|
Tweet |
Çetinkaya, açıklanan asgari ücretin teknik olarak artmış görünmesine rağmen, enflasyon, vergi yükü ve zorunlu harcamalar dikkate alındığında reel bir iyileşme sunmadığını ifade etti. “Bir ücret artışı, çalışanın hayatında bir rahatlama yaratmıyorsa, muhasebe kaydından öteye geçemez” dedi.
“Sorun Net Ücret Değil, Net Yaşam Standardıdır”
Asgari ücret tartışmalarının çoğu zaman brüt ve net rakamlarla sınırlı kaldığını belirten Çetinkaya, bu yaklaşımın eksik ve yanıltıcı olduğunu söyledi. Çetinkaya, “Asıl mesele, bu ücretle bir çalışanın kirasını ödeyip ödeyemediği, mutfak masraflarını karşılayıp karşılayamadığı ve ay sonunda borçlanmadan yaşamını sürdürebilip sürdüremediğidir. Bu sorular cevapsız kalıyorsa rakamların anlamı yoktur” değerlendirmesinde bulundu.

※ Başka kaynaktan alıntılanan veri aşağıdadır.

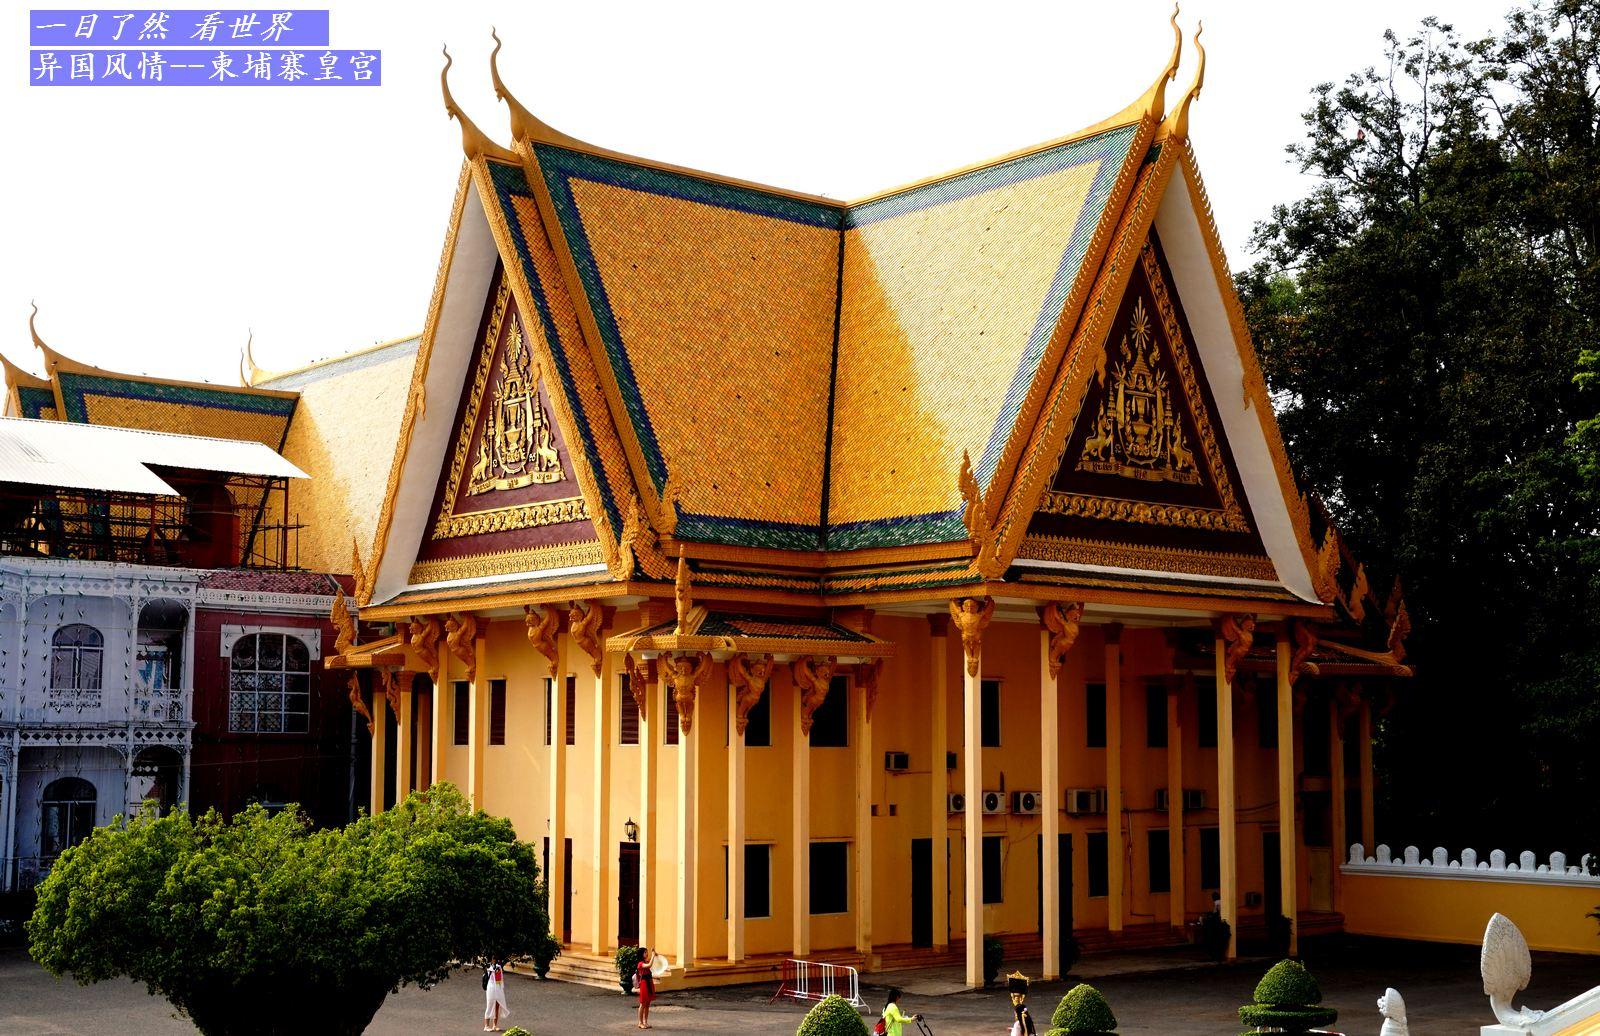 柬埔寨皇宫-40-1600.jpg

“Vergi ve Dolaylı Yükler Ücreti Sessizce Aşındırıyor”
Ücret artışlarının kısa sürede erimesinin temel nedenlerinden birinin vergi ve dolaylı mali yükler olduğunu vurgulayan Çetinkaya, gelir vergisi, KDV ve zorunlu harcamaların çalışanların alım gücünü ciddi biçimde düşürdüğünü ifade etti. “Asgari ücret artıyor gibi görünürken, bu artışın önemli bir kısmı dolaylı yollarla geri alınıyor. Çalışan bunu maaş gününde değil, ay sonunda fark ediyor” dedi.

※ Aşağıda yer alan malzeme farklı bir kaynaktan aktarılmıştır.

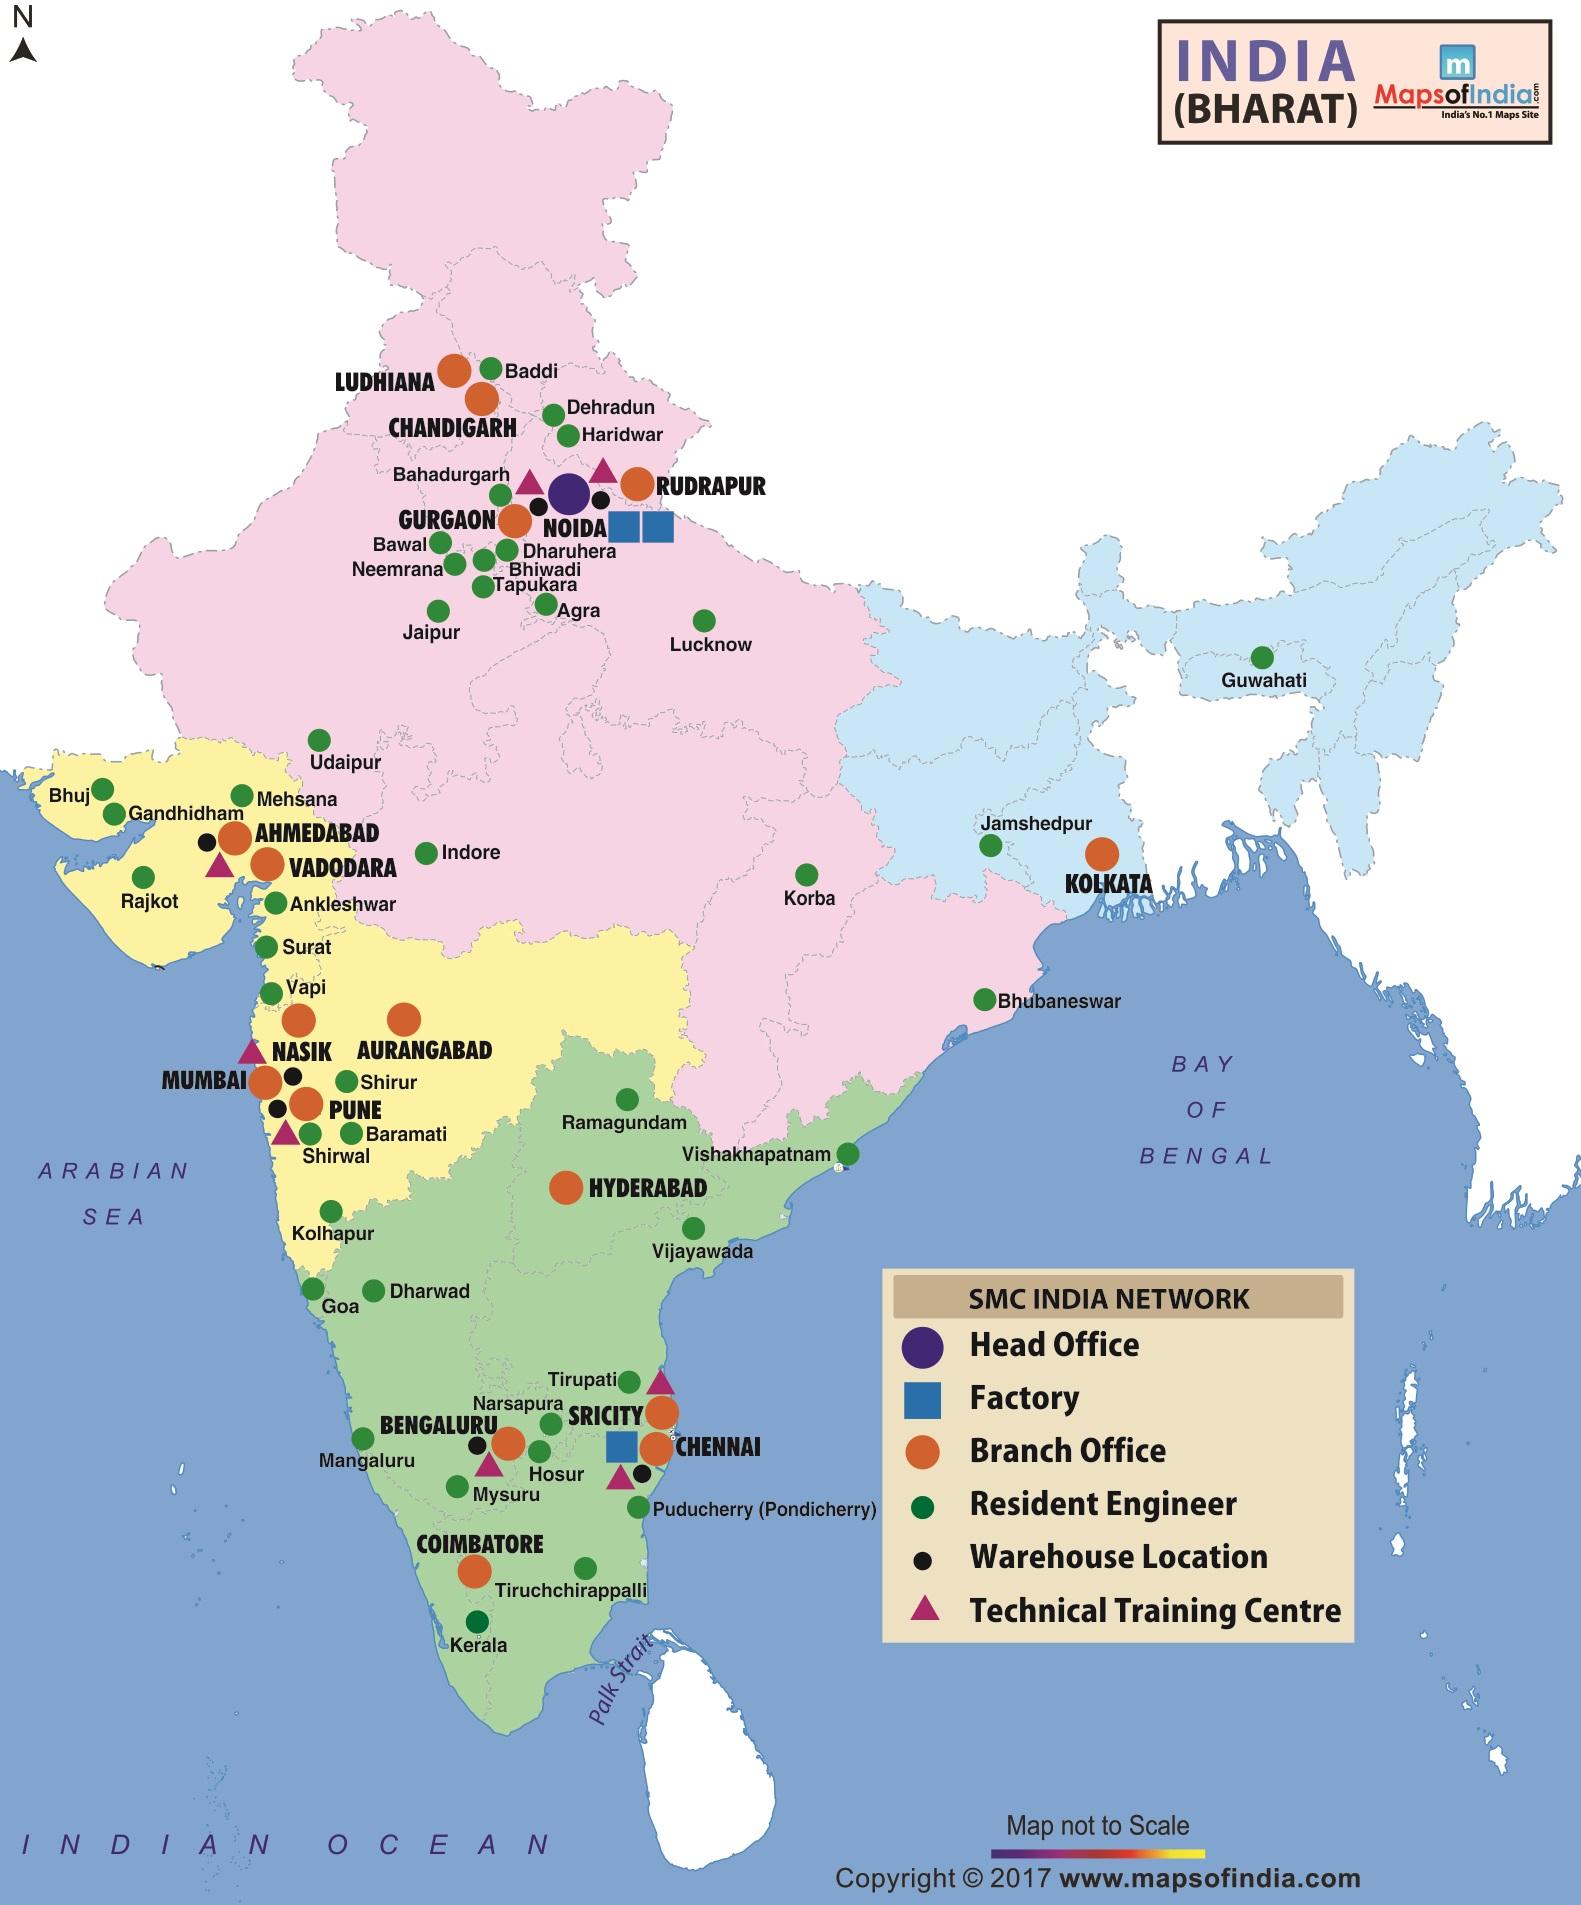 SMC's Presence in India

“Ücret Politikası Gerçekçi Olmak Zorunda”
Yeminli mali müşavir olarak sahada hem çalışanlar hem de işverenlerle birebir temas halinde olduğunu belirten Çetinkaya, mevcut ücret politikasının ekonomik gerçeklerle uyumlu olmadığını söyledi. Çetinkaya, “Sürdürülebilir bir ücret düzeni için popülist artışlar değil, enflasyona karşı koruyucu, vergi yükünü azaltan ve alım gücünü kalıcı olarak destekleyen bir yaklaşım şarttır” ifadelerini kullandı.
Açıklamasının sonunda ücret politikalarının masa başında değil, hayatın içinden bakılarak şekillendirilmesi gerektiğini vurgulayan Cihat Çetinkaya, “Ekonomi; tablolar, grafikler ve oranlarla değil, insanların nasıl yaşadığıyla ölçülür. Asgari ücret de bu gerçeğin en açık göstergesidir” diyerek değerlendirmesini tamamladı.